-- Records shown follows --

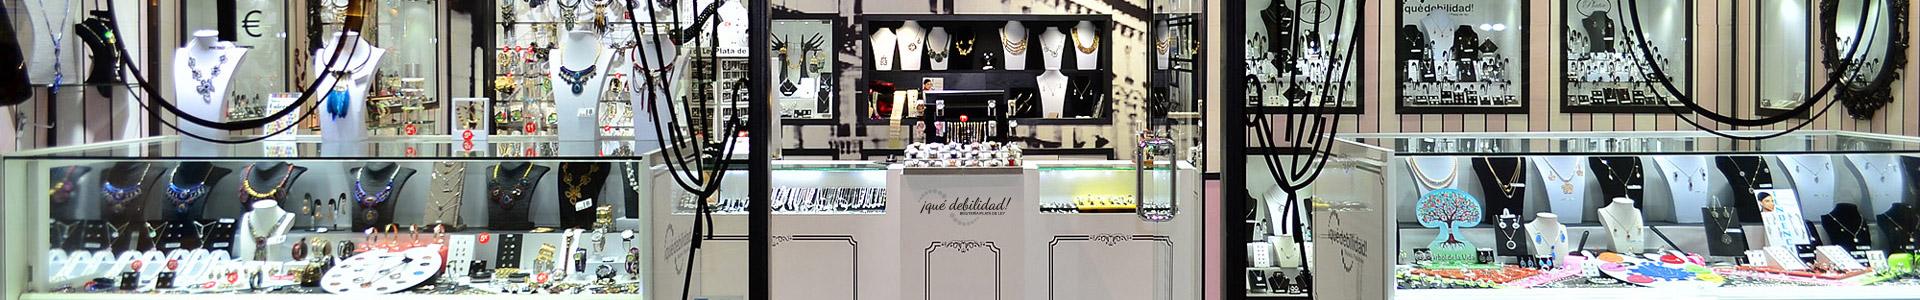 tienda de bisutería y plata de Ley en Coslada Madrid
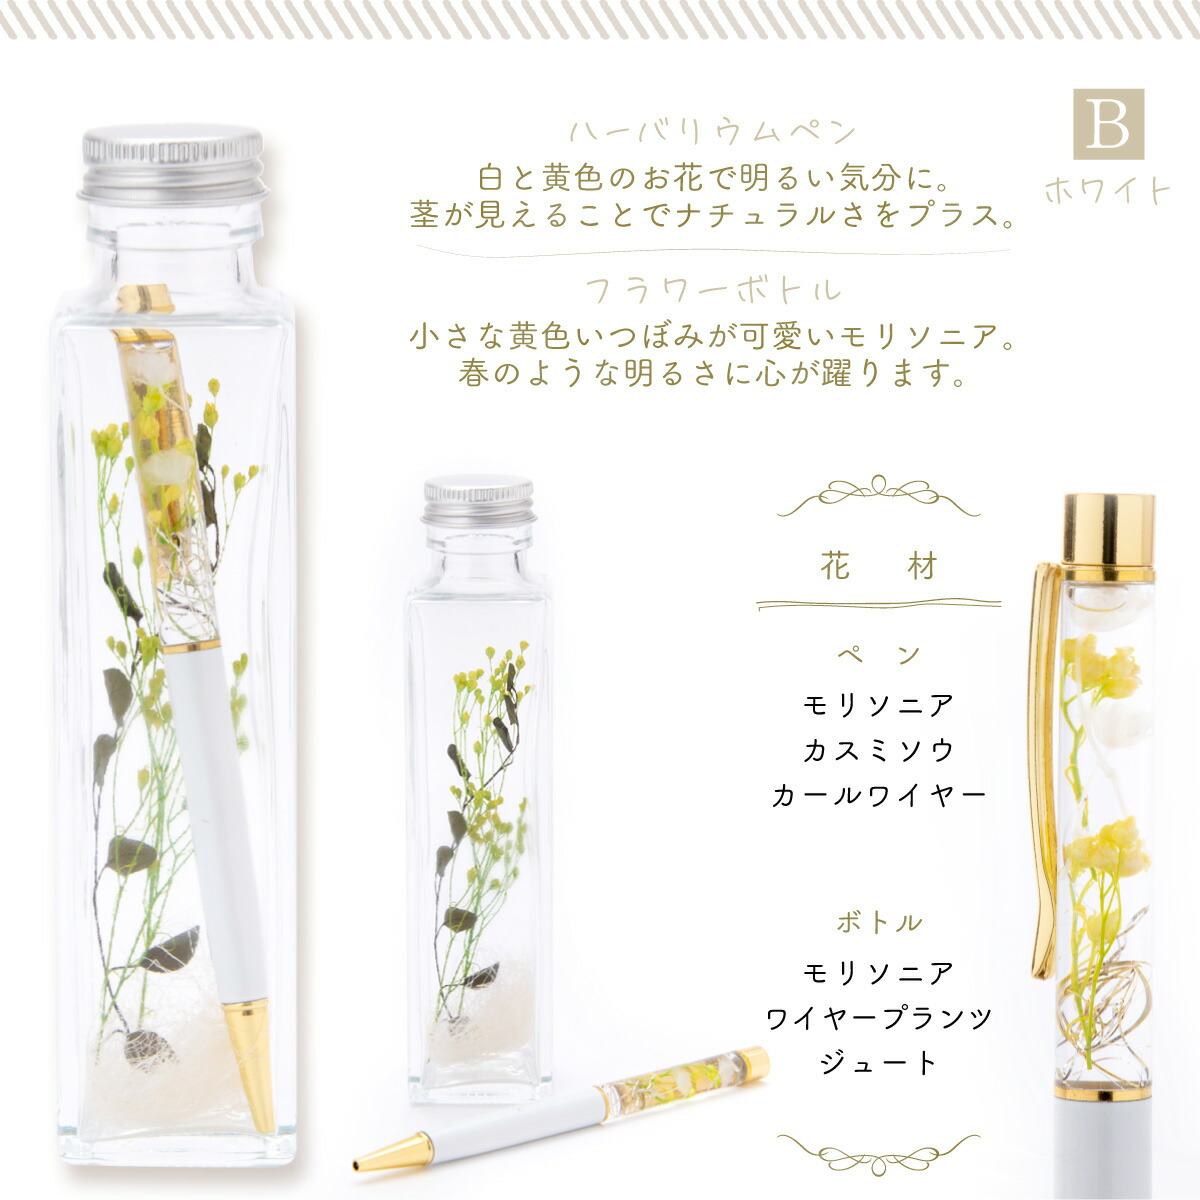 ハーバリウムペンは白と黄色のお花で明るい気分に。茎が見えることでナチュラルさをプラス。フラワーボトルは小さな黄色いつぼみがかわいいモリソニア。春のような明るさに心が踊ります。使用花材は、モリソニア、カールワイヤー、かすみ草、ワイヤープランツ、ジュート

-- Records shown concluded --
-- Records shown follows --

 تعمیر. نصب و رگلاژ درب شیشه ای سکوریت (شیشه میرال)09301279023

-- Records shown concluded --
-- Records shown follows --

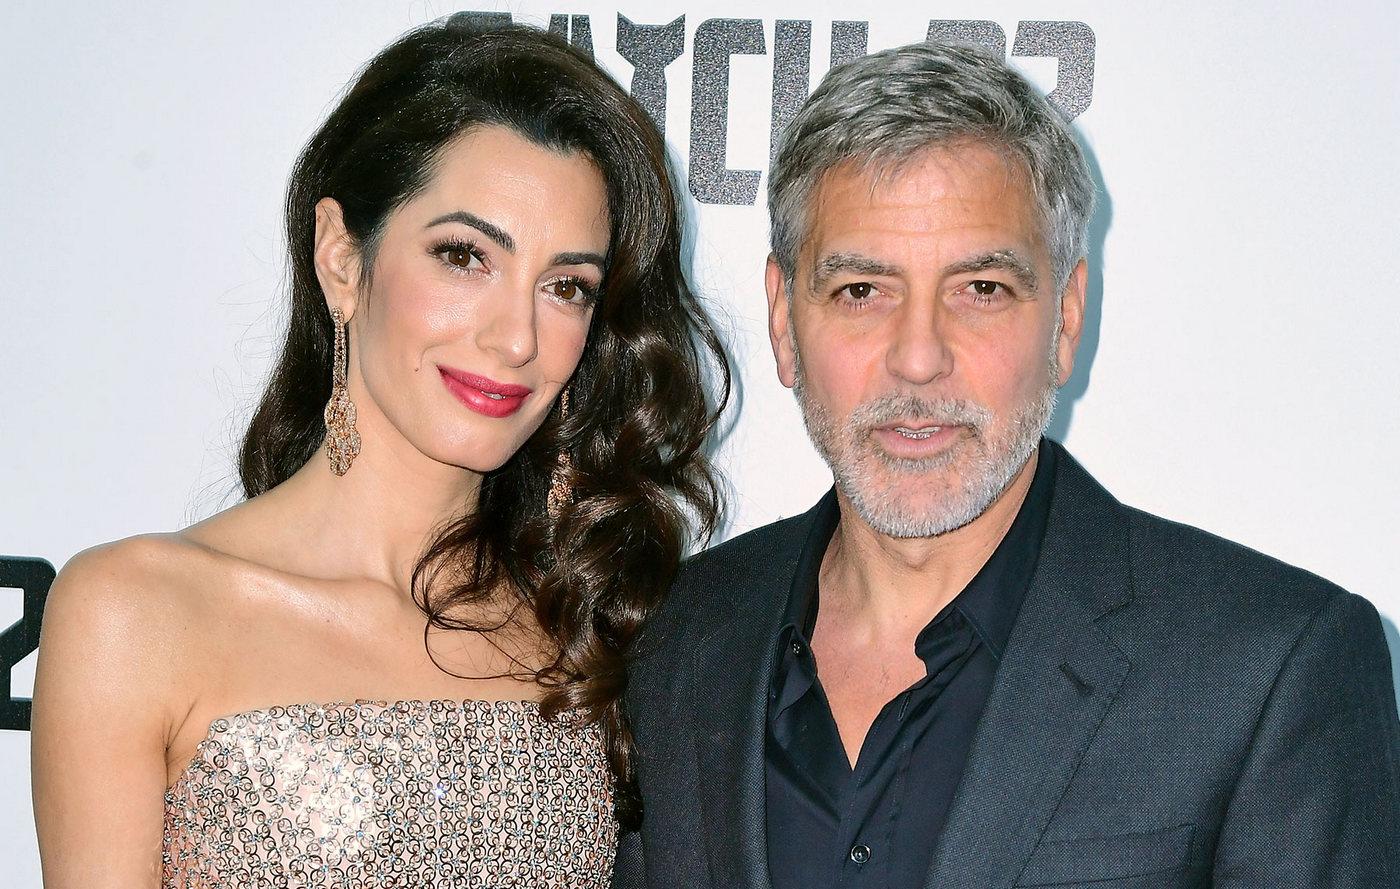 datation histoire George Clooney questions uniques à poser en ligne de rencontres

-- Records shown concluded --

Working from the records above, set down word for word everything from the line containing "tienda de bisutería" down to the line containing "ハーバリウムペンは白と黄色の", ends included, minus the pictures.

 tienda de bisutería y plata de Ley en Coslada Madrid
 ハーバリウムペンは白と黄色のお花で明るい気分に。茎が見えることでナチュラルさをプラス。フラワーボトルは小さな黄色いつぼみがかわいいモリソニア。春のような明るさに心が踊ります。使用花材は、モリソニア、カールワイヤー、かすみ草、ワイヤープランツ、ジュート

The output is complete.